Aggregation Model do not correspond directly to single database tables. Instead, they are virtual data tables generated through flexible configurations that correlate, merge, and calculate data from multiple data table models to meet specific business requirements. They function similarly to database views but are processed entirely dynamically at the application layer without creating actual view objects in the database.

Use Cases

Complex Data Aggregation and Statistics: Supports multi-dimensional and multi-metric data grouping, summarization, and calculation, satisfying diverse reporting and dashboard requirements.
Multi-Source Data Fusion: Associates and merges data dispersed across different tables or heterogeneous data sources to construct a unified data view.
Multi-Level Data Pivoting: Supports secondary calculations and multi-level nesting based on aggregation results, enabling seamless data drill-down from summary to detail.
Cross-Domain Integration: Breaks down data silos between business modules, allowing for the flexible assembly of core business data across departments and domains.

The hierarchy of an Aggregation Model is: Meta (models.Meta) → Type (models.AggrType) → Instance.

Model Directory Structure

Each model element resides in an independent folder following the path rule: [AppRoot]/models/[ModelName].

[AppRoot]/models/SalesAnalysisModel/
├── e.json # Model declaration file
├── model.py # Model implementation file
└── __init__.py # Package initialization file

e.json Declaration

e.json
{
"backendBundleEntry": ".",
"db": "databases.Default",
"title": "Sales Analysis Aggregation Model",
"type": "models.AggrType",
"functionList": []
}

model.py Implementation

The model.py file for an aggregation model primarily consists of field definitions and Meta configuration. The dbTable attribute in Meta stores a TQL (Transit Query Language) expression that defines the data aggregation logic.

model.py
from datatypes.Meta import datatypes
from models.AggrType import AggrModel

class SalesAnalysisModel(AggrModel):
# Define output fields after aggregation
region = datatypes.Stext(name="region", title="Sales Region")
total_sales = datatypes.Numeric(name="total_sales", title="Total Sales")

class Meta:
modelType = "AggrType"
name = 'SalesAnalysisModel'
title = 'Sales Analysis Aggregation Model'
db = "databases.Default"
# TQL expression defining aggregation logic
dbTable = """
Select(
[F('region', 'region'), F(Formula("COLSUM(F('amount'))"), 'total_sales')],
From(["sales_data"]),
GroupBy(F("region"))
)
"""

The field configuration and Meta structure of Aggregation Model are fundamentally consistent with Data Models. The only distinction is that in Data Models, Meta.dbTable corresponds to a database table name, whereas in Aggregation Model, it contains a TQL expression.

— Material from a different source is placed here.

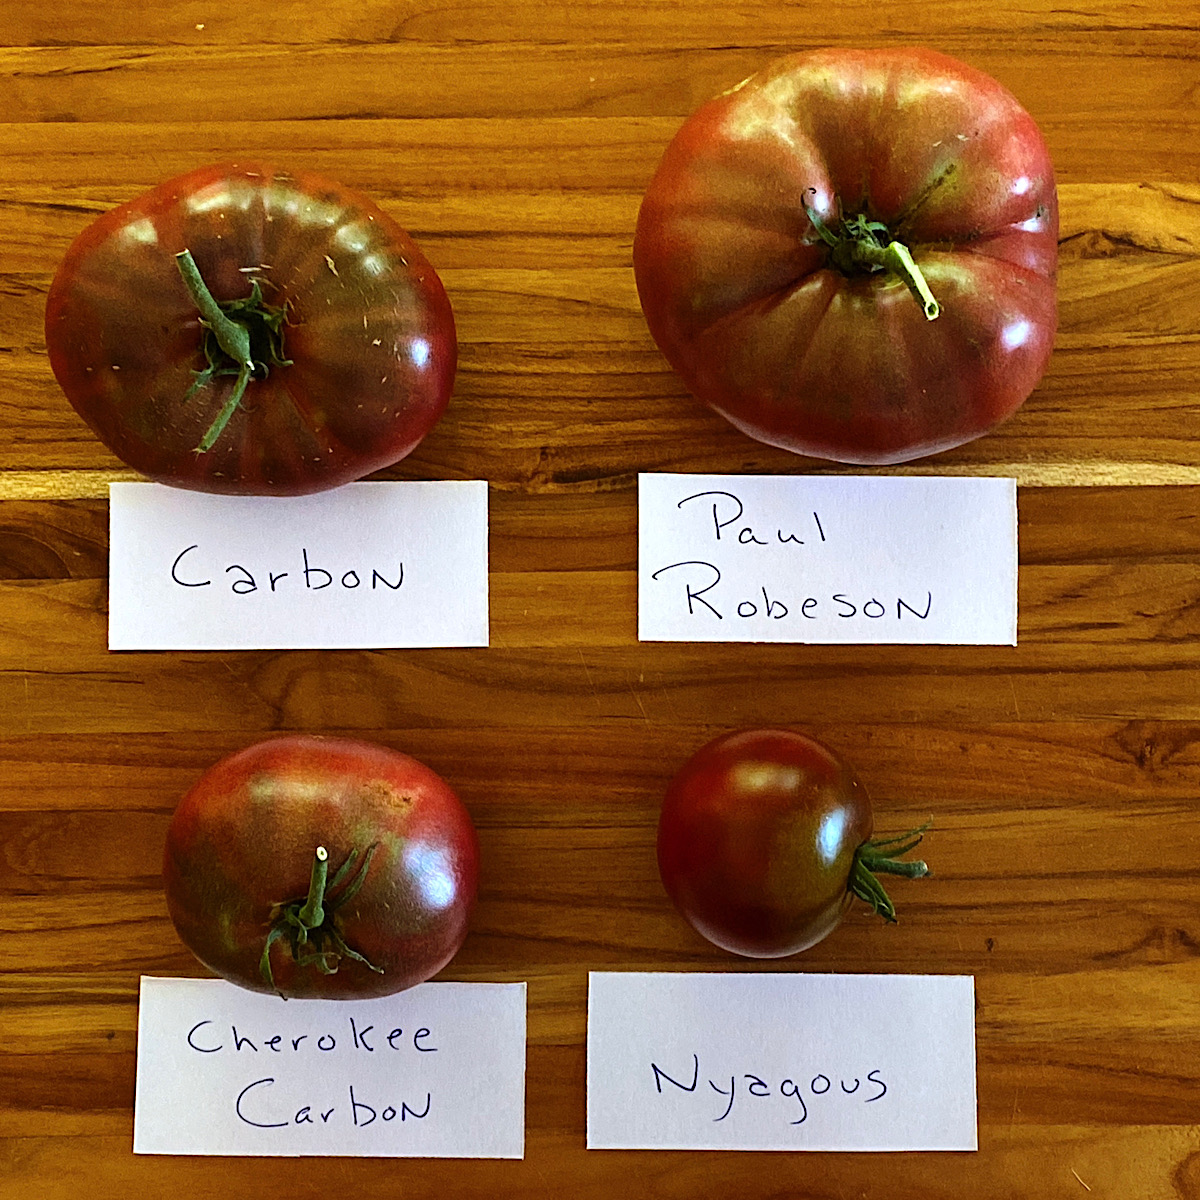 Four varieties of “black” heirloom tomatoes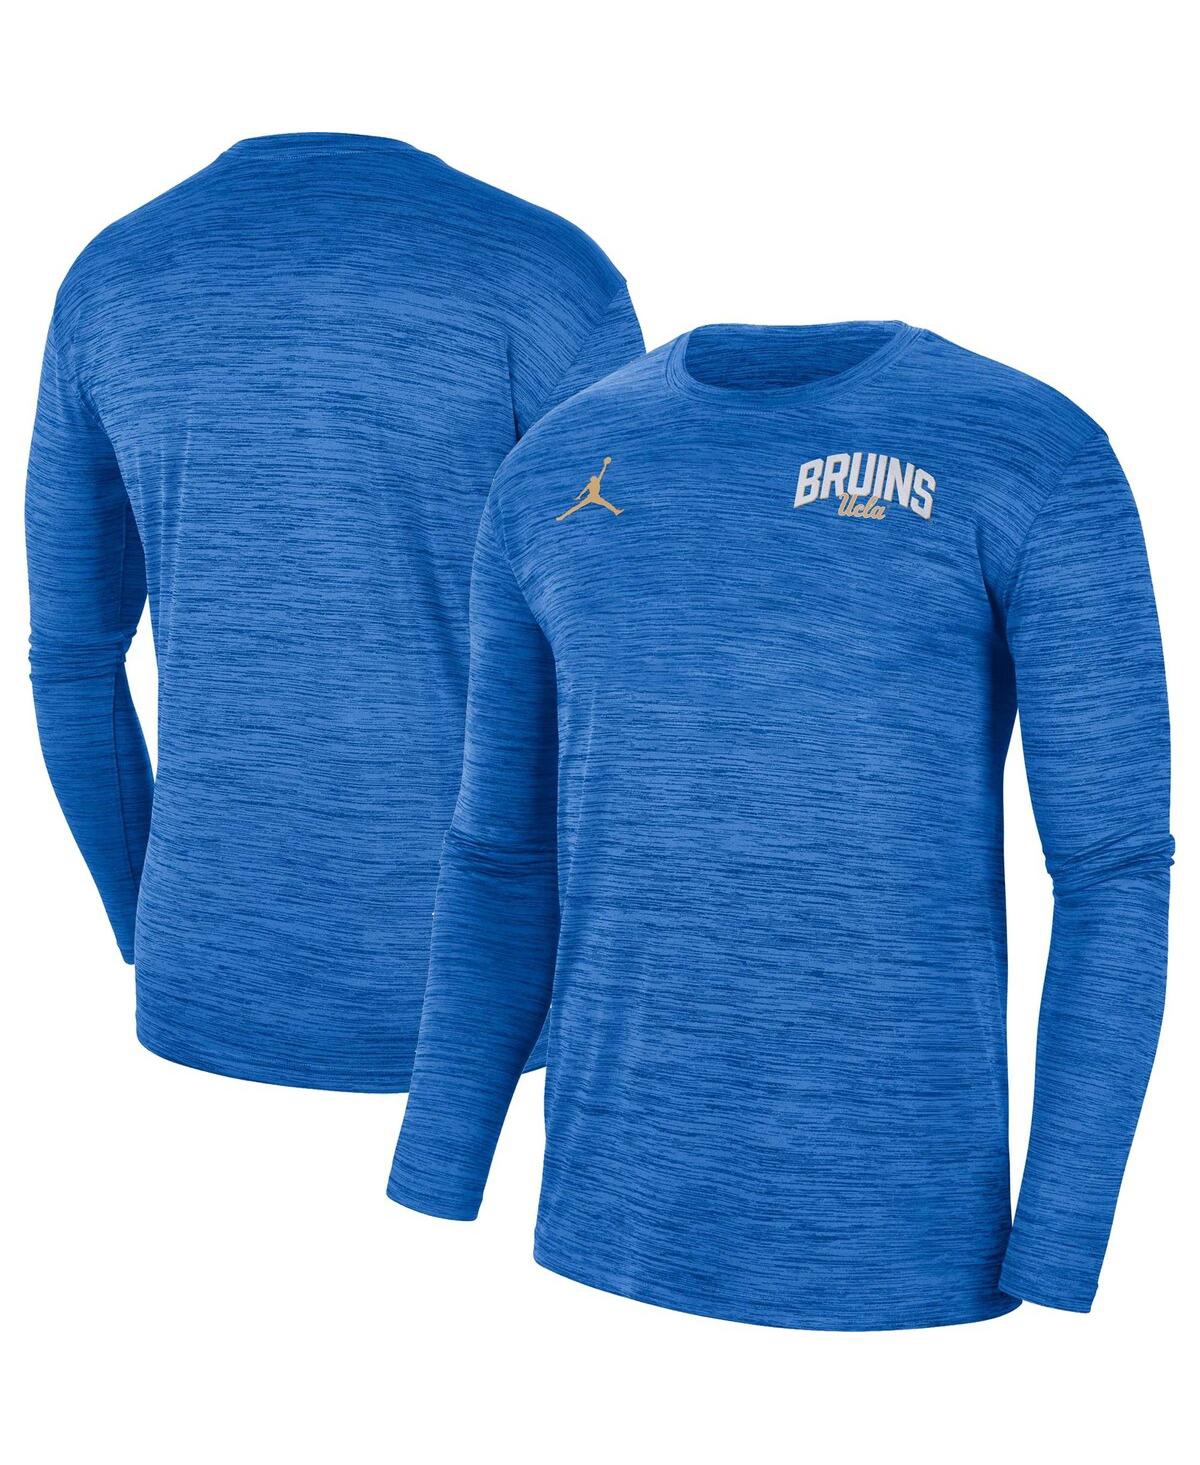 Men's Jordan Blue Ucla Bruins Sideline Game Day Velocity Performance Long Sleeve T-shirt - Blue

__init__.py Initialization

__init__.py
from .model import SalesAnalysisModel

Core Features and Configuration

The core of an Aggregation Model lies in the dbTable configuration within the Meta class, which implements complex operations such as grouping aggregation, union merging, and horizontal joining through TQL expressions.

Group Aggregation

Generates summary result sets by statistically classifying data based on specified dimension fields. This is suitable for generating statistical reports.

Configuration Example:

class SalesGroupModel(AggrModel):
region = datatypes.Stext(name="region", title="Sales Region")
total_sales = datatypes.Numeric(name="total_sales", title="Total Sales")

class Meta:
dbTable = """
Select(
# Field mapping: F('original_field', 'new_field_alias')
[F('region', 'region'), F(Formula("COLSUM(F('amount'))"), 'total_sales')],
From(["sales_data"]),
GroupBy(F("region")) # Group by region
)
"""

Statistical Formula Examples:

  • Formula("COLSUM(F('field'))"): Summation
  • Formula("COLMAX(F('field'))"): Maximum value
  • Formula("COUNT_DISTINCT(F('field'))"): Distinct count

For detailed syntax, please refer to the Formula Documentation.

Union Merge

Vertically merges multiple data tables with similar structures row by row. This is applicable for consolidating data from sharded tables (e.g., branch office reports, monthly data archives).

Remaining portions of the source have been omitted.